I’m not going to “mother hen” you about the first two (today anyway), but I do want to encourage you with third. When my girls were little, one of the first things I ingrained into their minds was this: “A day spent without learning something is a day wasted.” Since I home-schooled them from Kindergarten through 12th grade, it was easy to make sure they wasted as little time as possible.

Like my girls, all of us have ample opportunities to learn something new every day as long as we’re in school. The challenge comes when “school isn’t in session,” whether that’s weekends, holidays, summers, or the all-encompassing rest of our lives.

A lot of people have the mistaken assumption that their work or vocation provides “enough” learning.  While having a challenging job does help keep our minds active, we need MORE. Why? Well, one reason is the fact that we become programmed to respond to the challenges of our daily job.

For example, I work full-time from home as a blogger/web publisher/writer.  While things such as developing a recipe for my food blog, writing a book review, or researching for an article on early-stage dementia keep my brain cells busy, it’s all in my wheelhouse.

However, if I work on developing a recipe in an area I’m not the least bit familiar with (such as Indian cooking) or research/read up on a subject entirely new to me – it’s a wake up call for my brain cells and they love it.

This “in your wheelhouse” dilemma is one of the reasons why so many educated and intelligent people are developing dementia. Each day, they stay firmly in their wheelhouse. Whether they’re afraid they don’t have the time to venture out or they lack the inclination, I honestly believe it’s at least part of their downfall.

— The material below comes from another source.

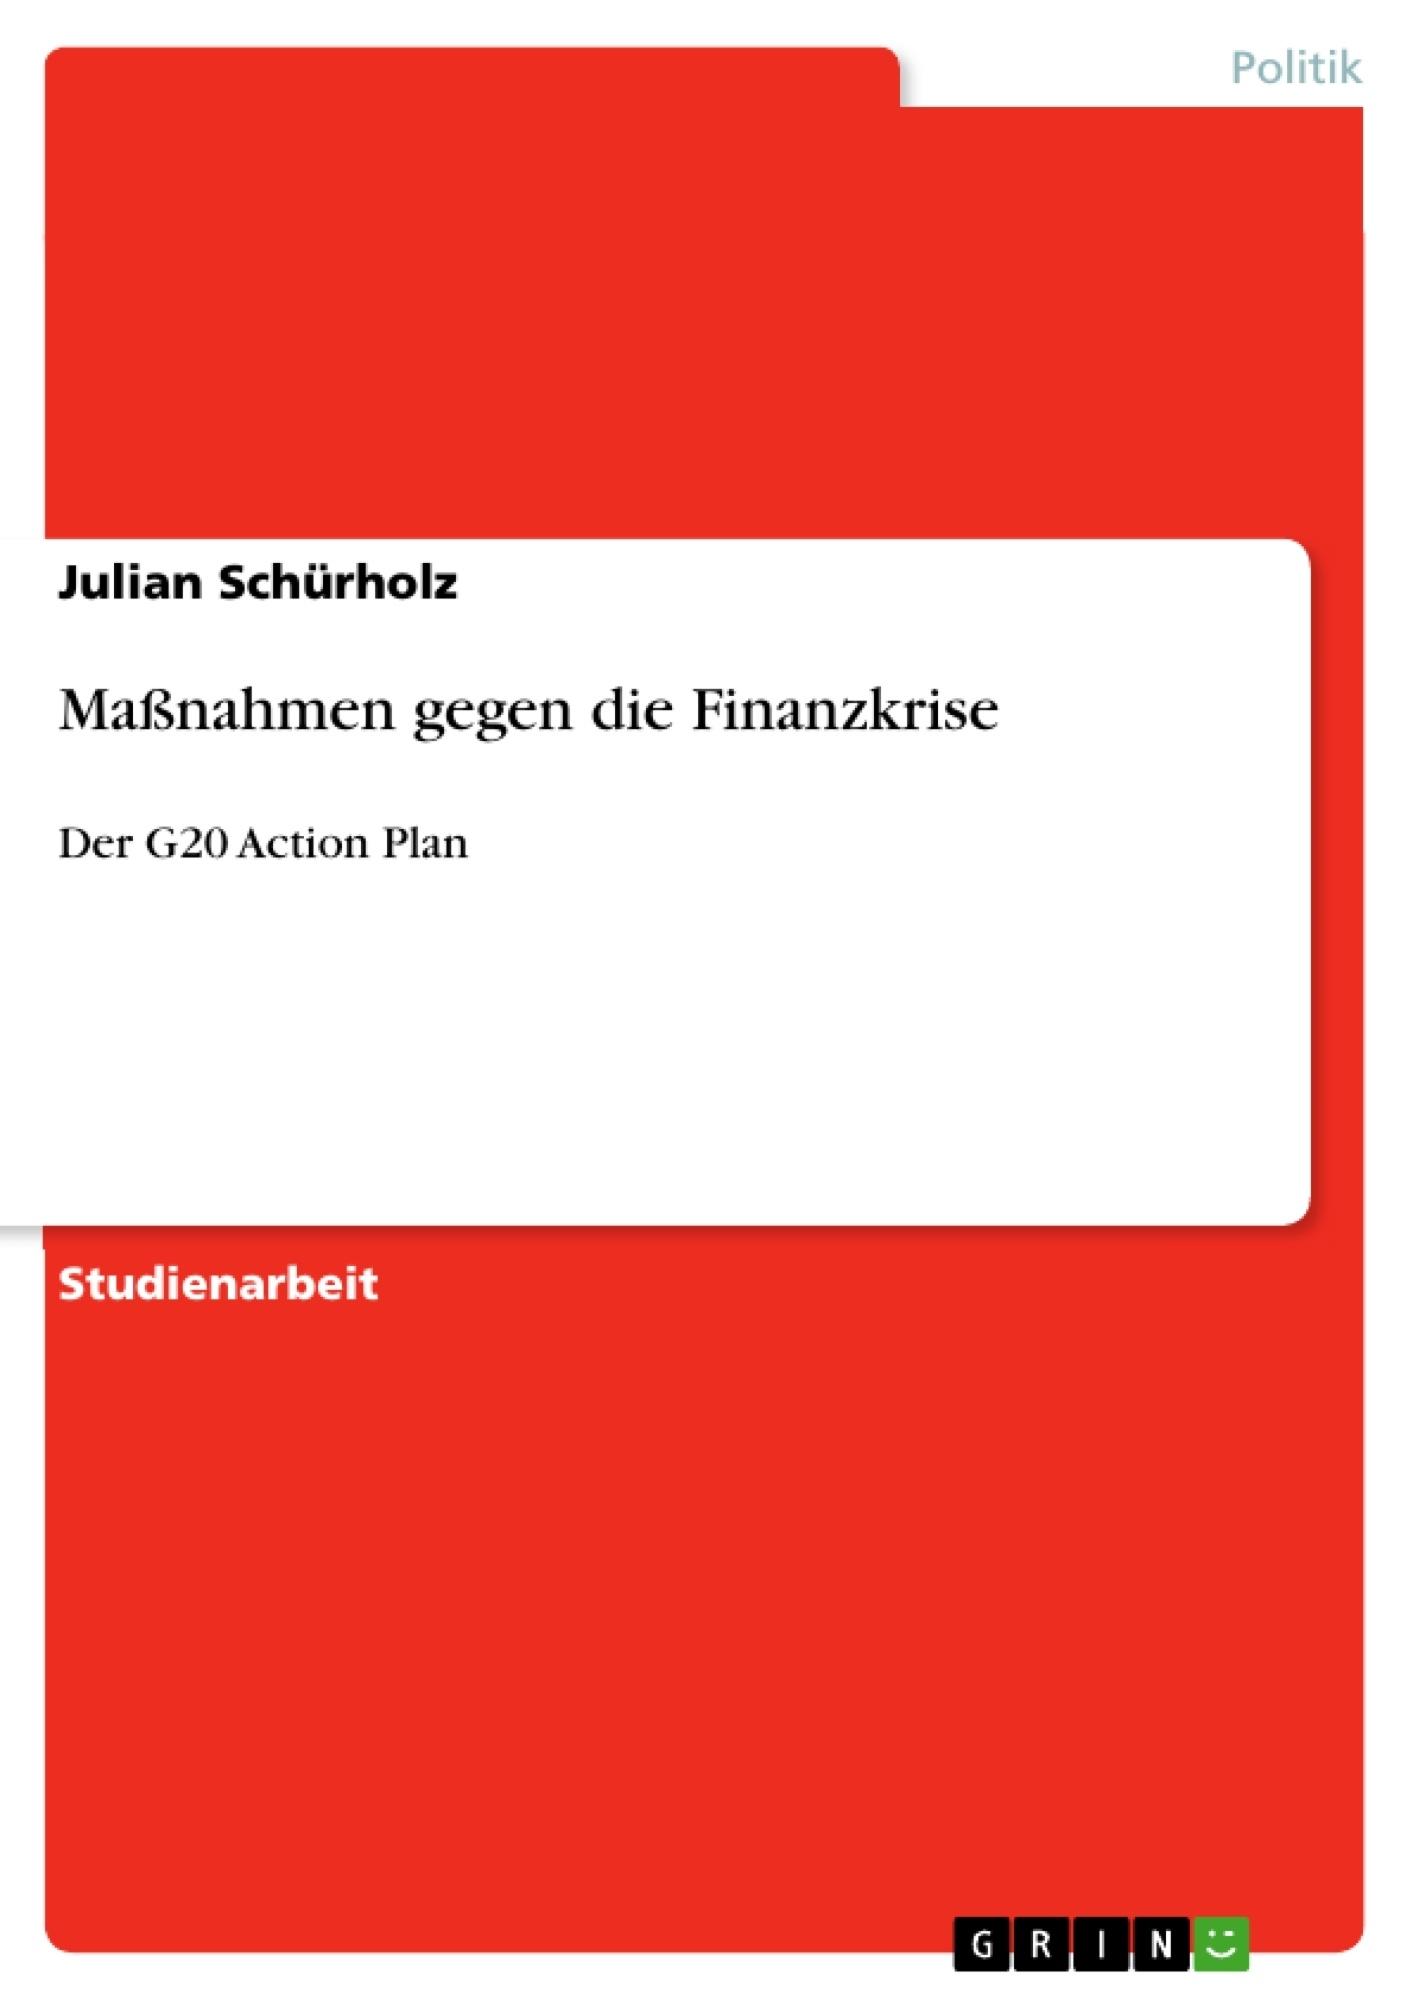 Titel: Maßnahmen gegen die Finanzkrise
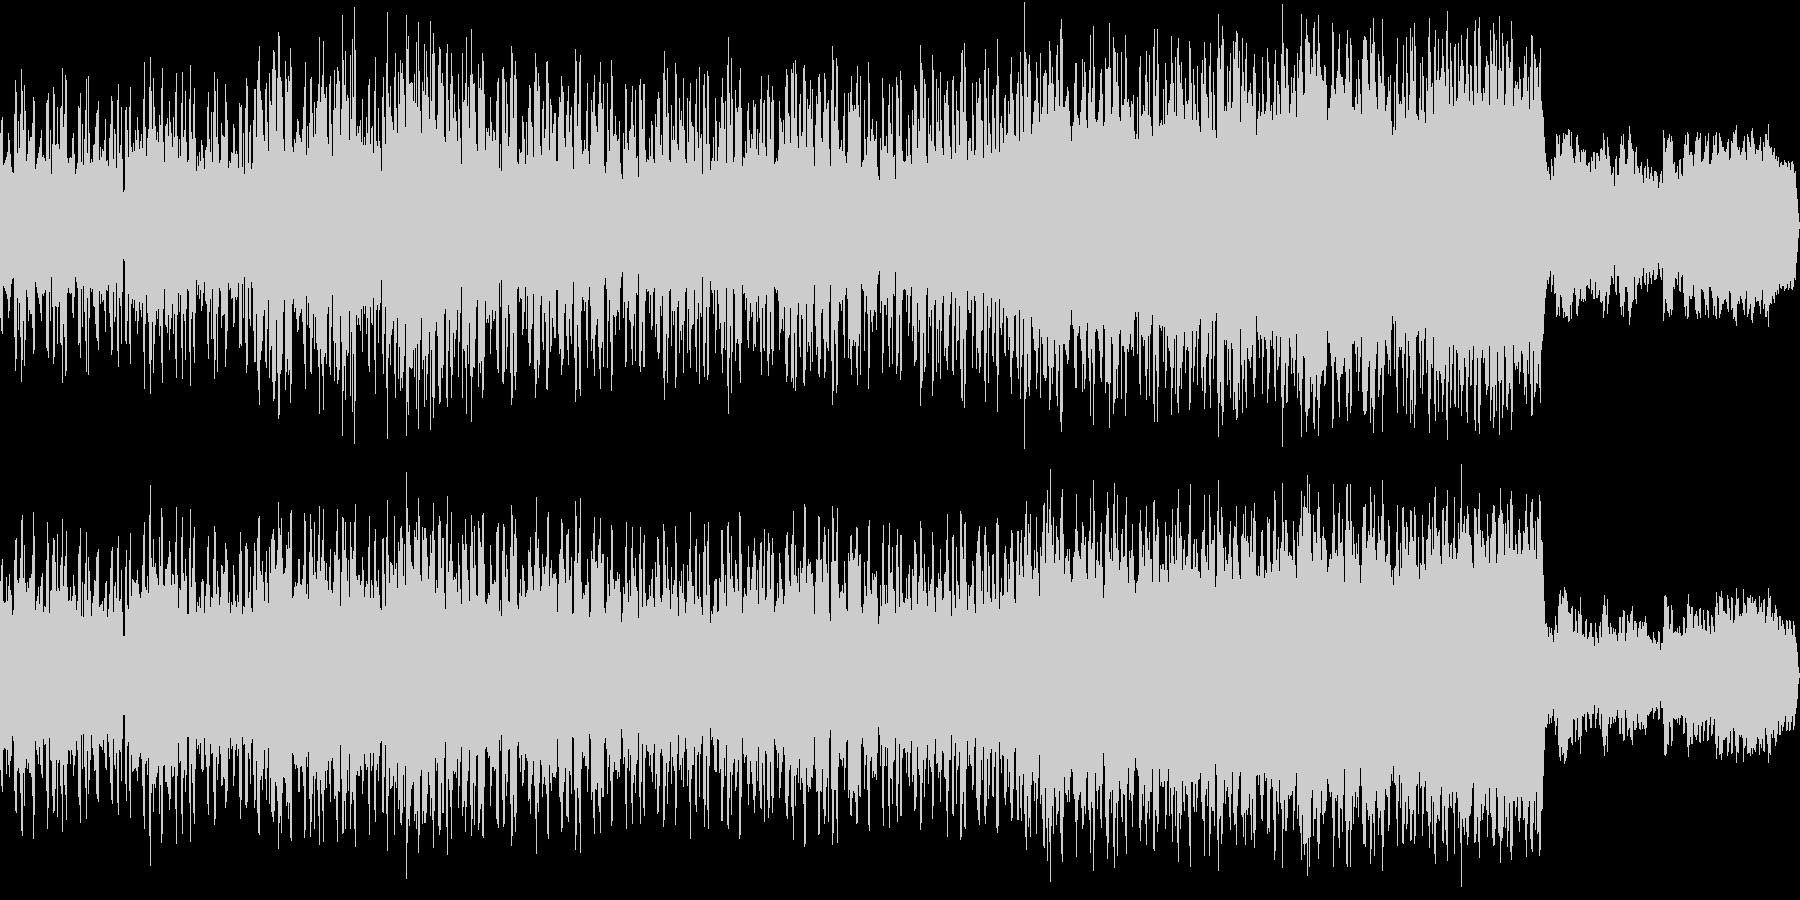 「和風」「秋」のイメージで作成した音楽…の未再生の波形

So, the lesson for you is this – get out of your wheelhouse and learn more every single day.

One fun, inexpensive, and mentally stimulating way to do just that is to “go back to school” – or to be more precise, “go back to school books.”  Get your hands on a few schoolbooks, covering different subjects, and read through them as you did in school…

  • take notes as you read
  • look up words you aren’t familiar with
  • answer the questions that inevitably hold you accountable at the end of each chapter

While I wholeheartedly encourage finding textbooks dealing with your “old favorites” (for me, these would be History, Literature, and English), the real magic happens when you dig deep into those subjects you didn’t particularly care for (my mortal enemies were science, geography, and anything with numbers).

Recently, I sorted through some of the textbooks I saved from my daughters’ home-schooling days and found just what I was looking for Geography for Christian Schools (on Amazon for $1.14, hardback). Geography – one of my mortal enemies.  Even when my daughters studied Geography in our home-school, I didn’t immerse myself in the subject – I did as I did in school, payed just enough attention to get by.  Aside from the flags of the countries (which I find uncommonly fascinating), all other aspects of Geography always made my eyes glaze over. When I was in school, I’d daydream about my basset hound, Siamese cat, lunch, softball… anything BUT what was in my textbook or on the chalkboard.

I decided to go back this time and REALLY delve in – memorize the capitals of the countries of the world, the desserts, lakes, rivers, and as many other geographically-inclined facts I used to snub. Oddly enough, I’m actually finding it incredibly interesting this time around.  Imagine if I’d just paid attention back then.

{Continued Below…}

Geography Textbook
A Few Tips for Finding/Using Textbooks:

  • Amazon has A LOT of Textbooks and many are ridiculously cheap. Anyone who home-schools today really has it made. There are textbooks and workbooks for both high school and college. If you really, really, really need to go back and brush up on a subject – start with the lowest grade level needed and move up. When it comes to math, I don’t even want to think how far back I’d have to go.  I seriously think I have a math allergy.
  • When you buy an “older” history or geography textbook, keep in mind that some details and information has, undoubtedly, changed. The fact that you’ll find yourself on Google double-checking information simply means you’re doing more research and using your brain EVEN more.
  • A lot of used bookstores and “Teacher Supply Stores” have textbooks and workbooks. They’re definitely worth checking out.
  • If you’re really brave (and we’re talking braver than I am), grab foreign language textbooks and brush up on a language you once knew or even learn a totally new one.
  • When you come across a subject that’s especially interesting, go deeper. Find more books dealing with the subject and uncover everything you can find online.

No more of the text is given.